** BRIEF **
Please retype the listing below word for word and exclude its images.

** DATA SEGMENT **
◆ ◆ ◆ ◆ ◆
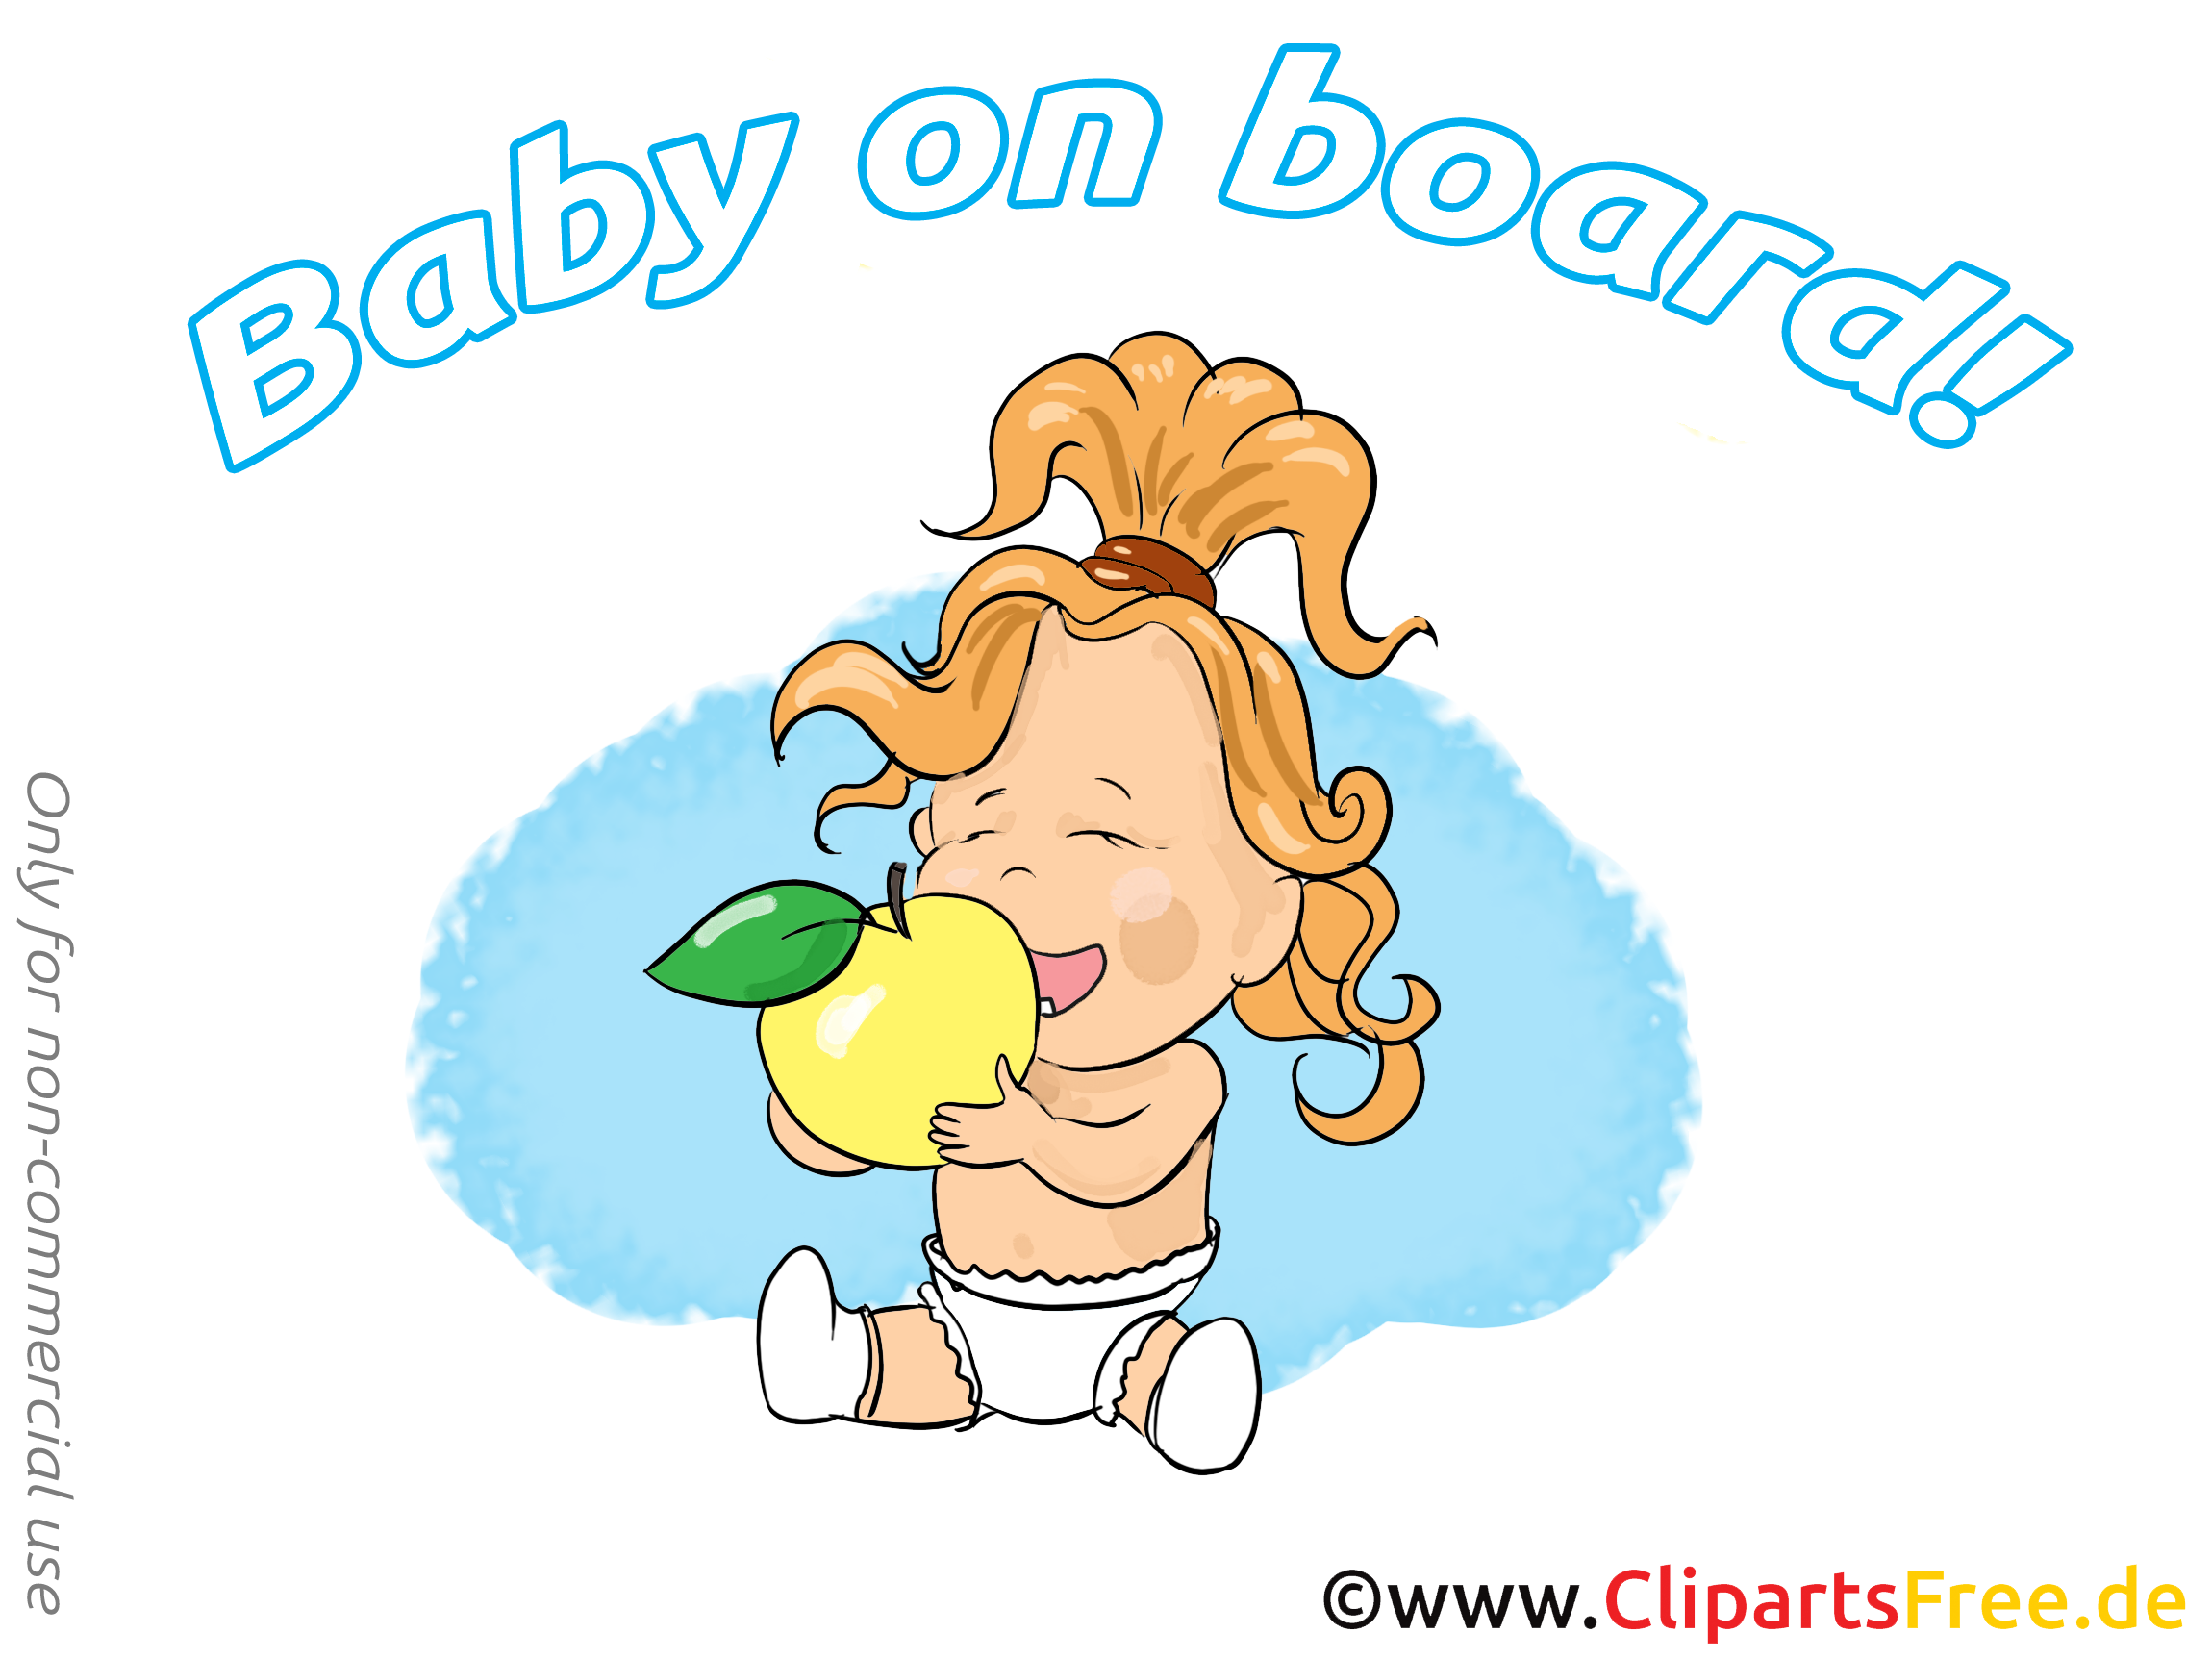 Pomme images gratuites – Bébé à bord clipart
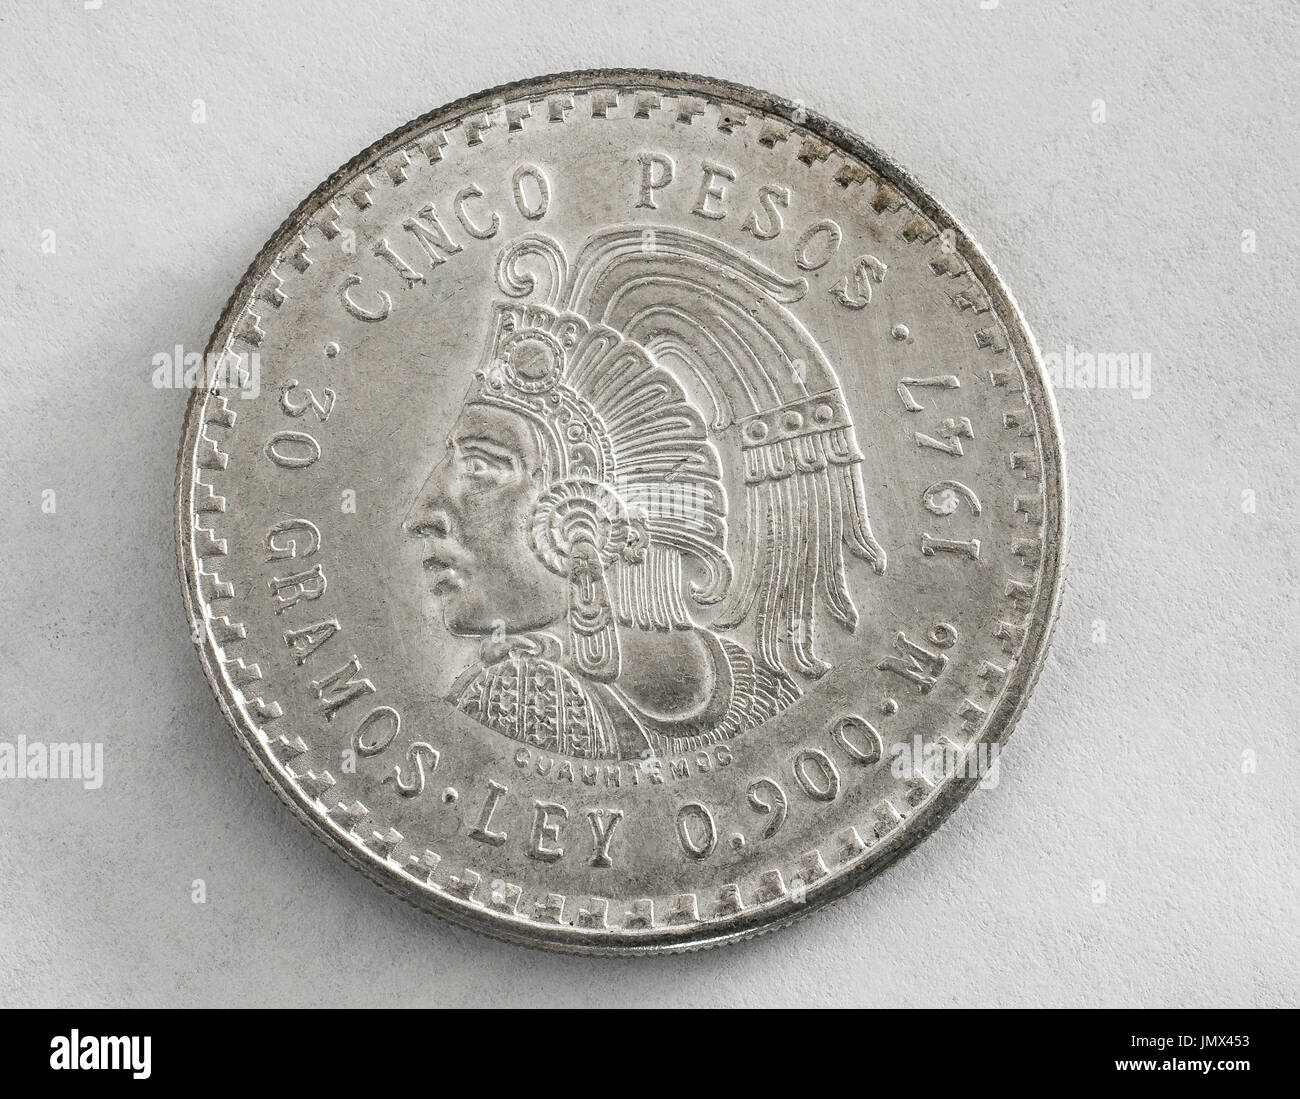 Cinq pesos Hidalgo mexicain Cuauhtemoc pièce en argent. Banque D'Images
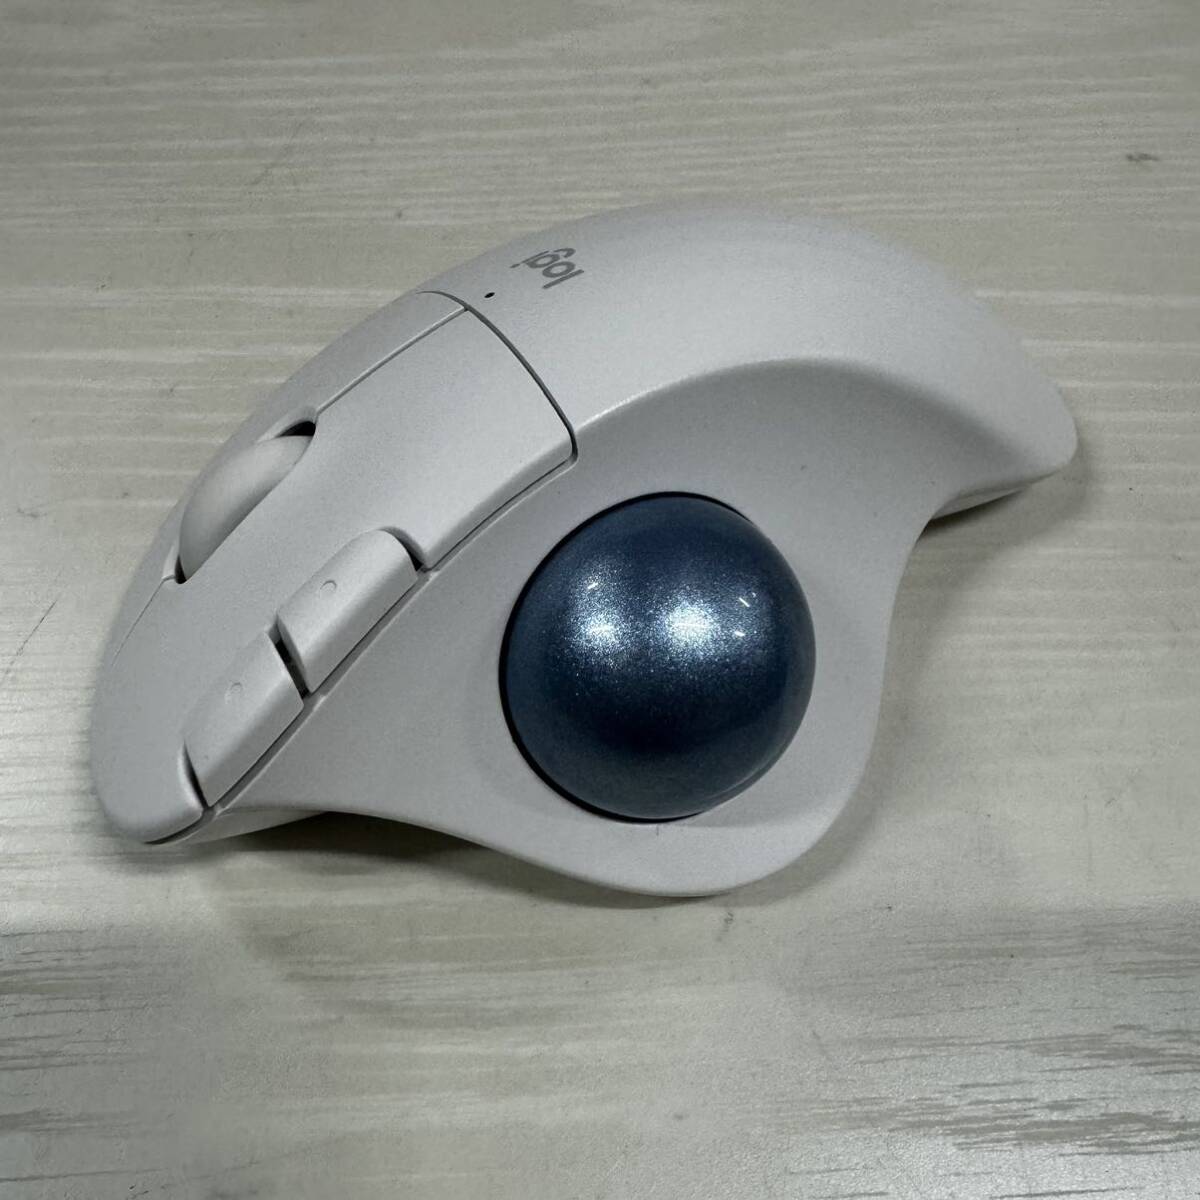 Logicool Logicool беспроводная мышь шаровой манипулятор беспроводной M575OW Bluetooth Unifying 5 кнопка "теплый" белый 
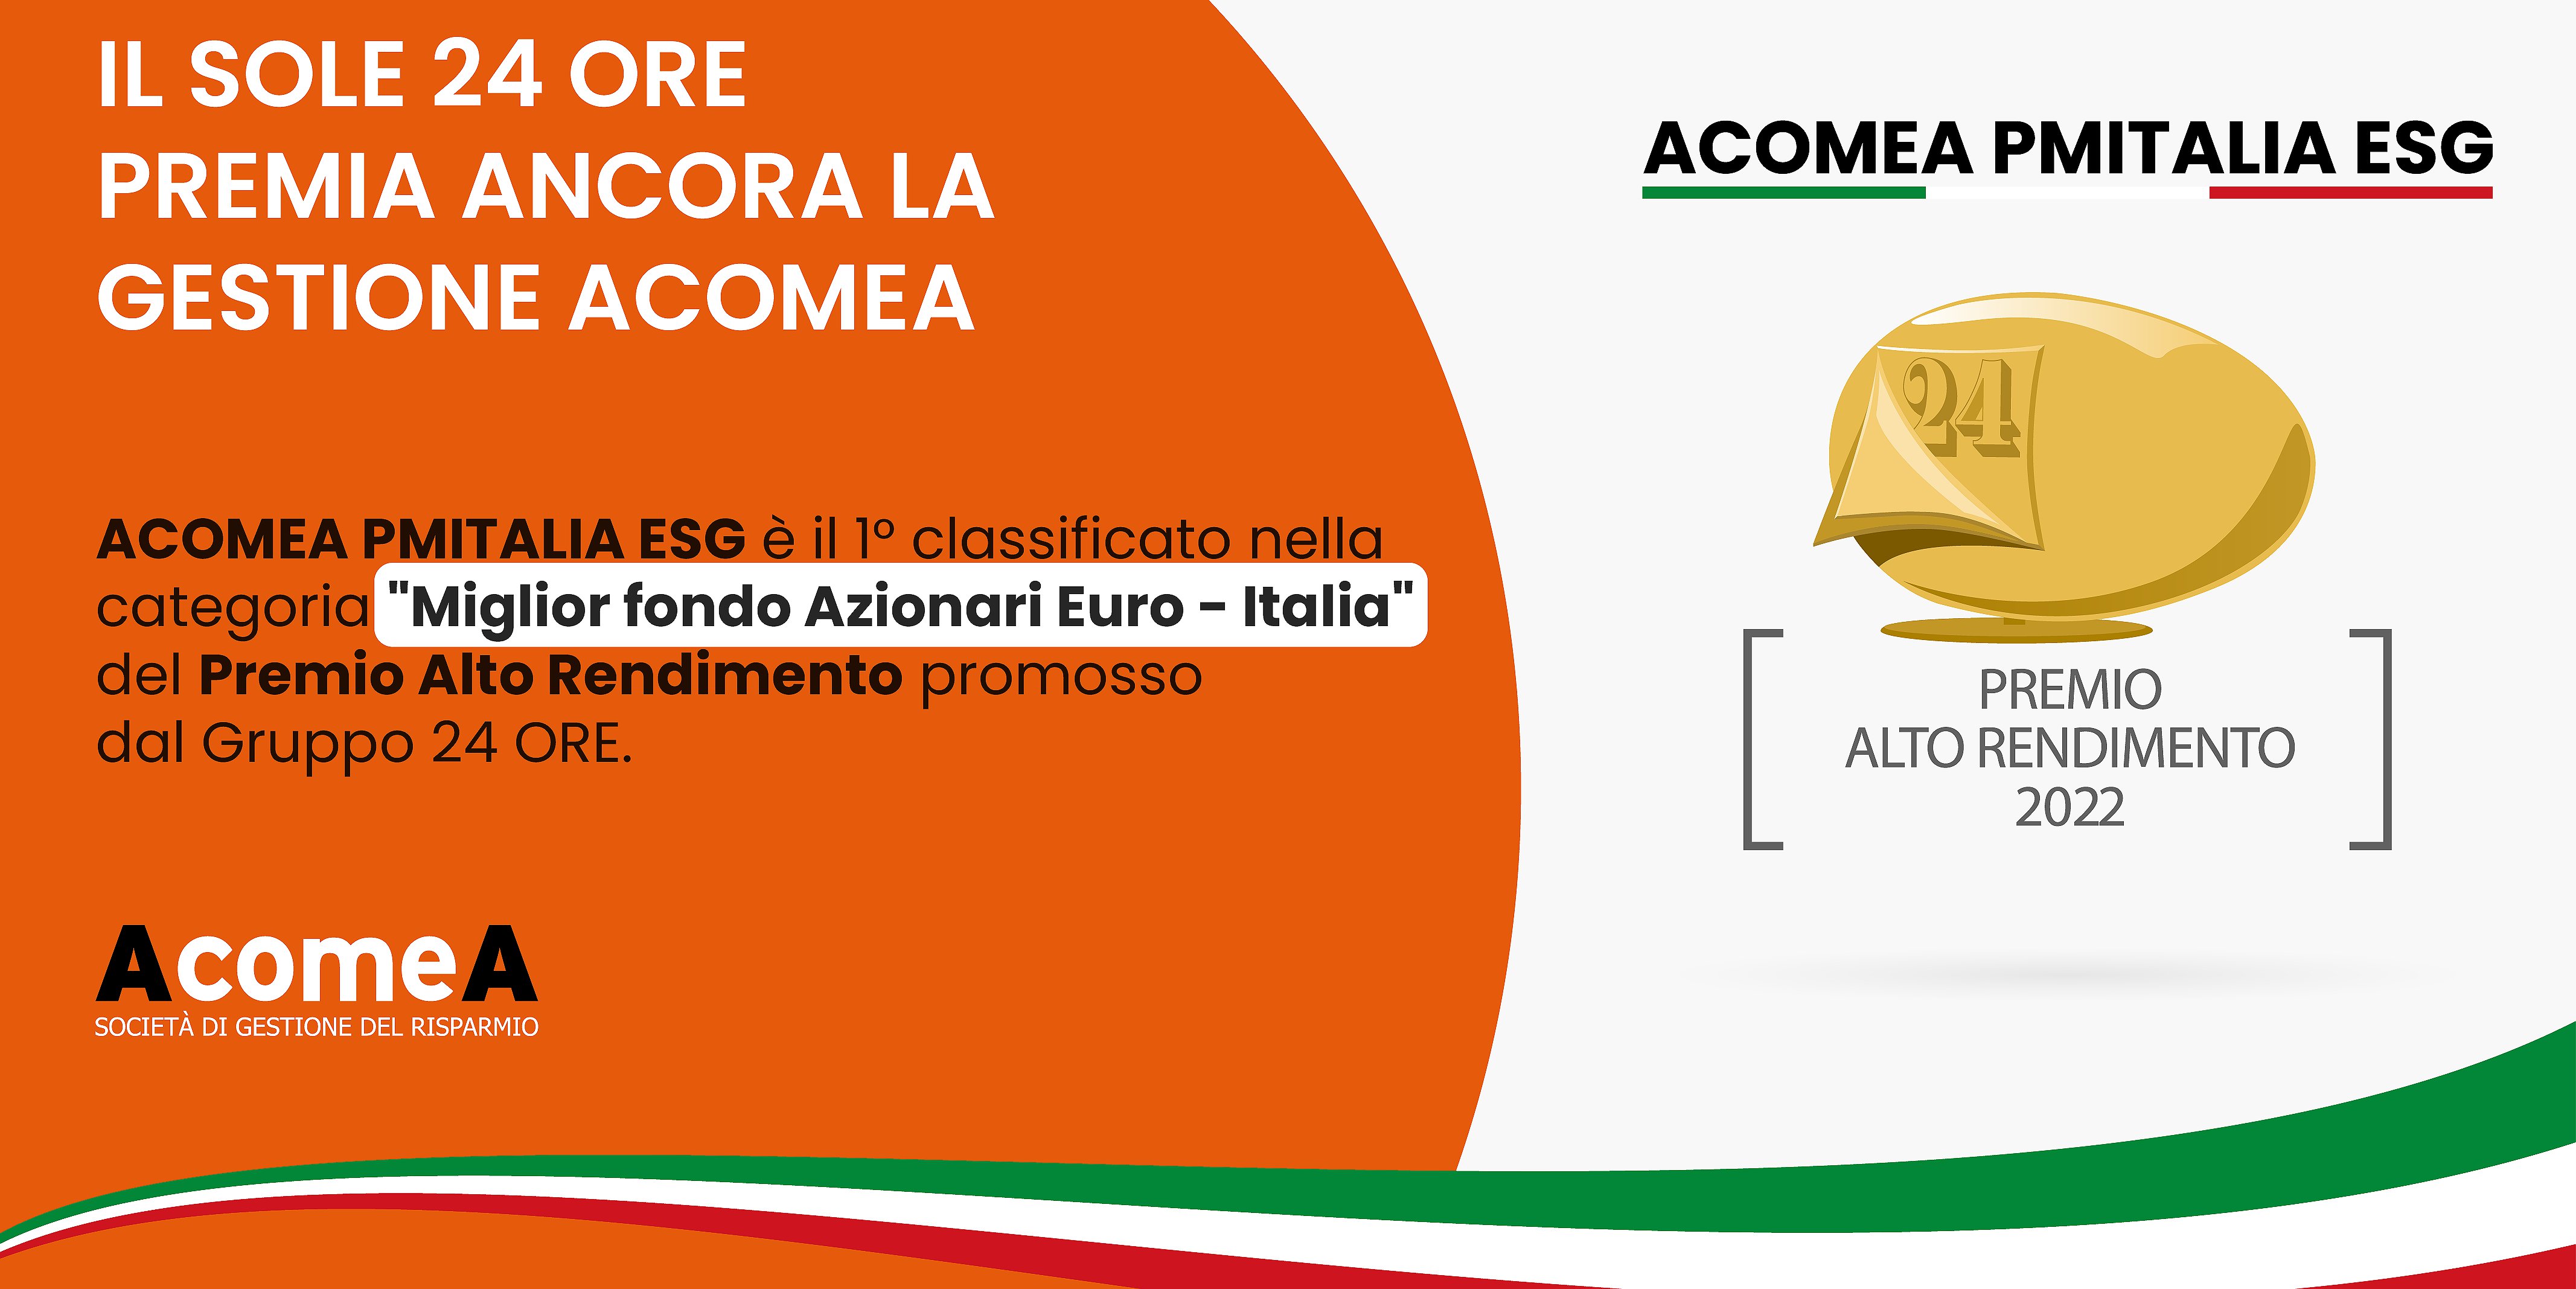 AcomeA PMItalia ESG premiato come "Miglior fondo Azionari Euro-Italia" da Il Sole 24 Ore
◆ ◆ ◆ ◆ ◆
** OUTPUT **
 Pomme images gratuites – Bébé à bord clipart
 Cinq pesos Hidalgo mexicain Cuauhtemoc pièce en argent. Banque D'Images
 Logicool Logicool беспроводная мышь шаровой манипулятор беспроводной M575OW Bluetooth Unifying 5 кнопка "теплый" белый 
 AcomeA PMItalia ESG premiato come "Miglior fondo Azionari Euro-Italia" da Il Sole 24 Ore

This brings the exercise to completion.